Michael Landy – Break Down

Artist Michael Landy made an inventory of everything he owned: every item of furniture, every book, every piece of clothing, every cat toy… The list took three years to complete and contained 7,227 items. Then, with the help of a large machine and an overall-clad team of operatives, he set about destroying it all. After two weeks nothing but shredded material remained.

Break Down was presented in one of the the former C&A stores on Oxford Street in London. Landy’s deconstruction-line was displayed for a fourteen day period one of the UK’s most iconic shopping streets, a stone’s throw from Selfrisges. Landy described Break Down as a Scalextric version of the material reclamation facilities in which goods that have value are reclaimed from the waste chain. Circulating on a roller conveyer, the stuff of Landy’s life was classified into ten different categories – Artworks, Clothing, Equipment, Furniture, Kitchen, Leisure, Motor Vehicle, Perishables, Reading Material and Studio Material. It was then systematically smashed, pulped, granulated – whatever it took to destroy it entirely.

Landy proposed his project to Artangel via The Times/Artangel Open, conceived to give artists an opportunity to realise unusually ambitious projects. This was the first time the organisation opened the doors for proposals from artists, rather than inviting them individually. From some seven-hundred proposals, Break Down was selected by a panel comprising Brian Eno, Rachel Whiteread, Richard Cork and Artangel Co-Directors James Lingwood and Michael Morris. The other selected project, also staged in 2001, was The Battle of Orgreave by Jeremy Deller.
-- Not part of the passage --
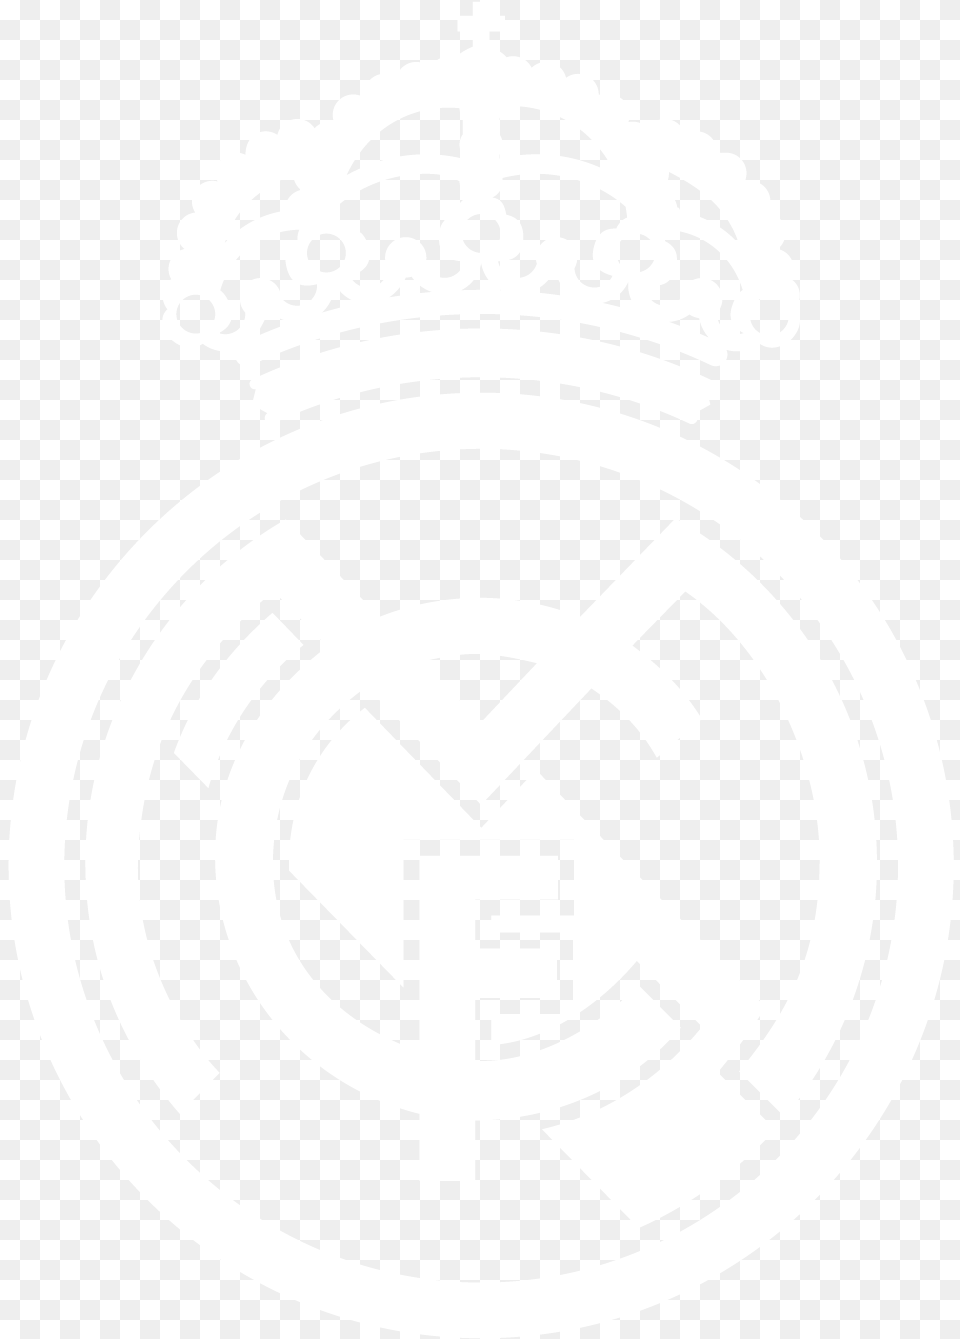 Logo En English To Watch This Video Enable Real Madrid Black Logo, Emblem, Symbol, Stencil, Ammunition Png

The accompanying publications was part manual, part inventory and part research file. I remember inviting Michael to the office for one of the first proper meetings about the publication, as asking him “simply bring all the stuff you think is relevant.” In he came with a big box, that included exactly that: stuff. A lot of it. Press clippings, books, photographs, research material. In the end the publication took on the format of a ring-binder, not that dissimilar from some of the recycling plant manuals also in that box. It included a substantial extract from the list of Landy’s possessions plus drawings, photographs, a collage of research materials (in essence the content of the box laid out flat), a description of a test with the dismantling of a small sound system, a section of photographs from the actual installation  and an interview with Julian Stallabrass. Subsequently, the full inventory was published by Ridinghouse in a stand-alone book, simply titled Break Down Inventory. The design of Break Down was by Mark Diaper.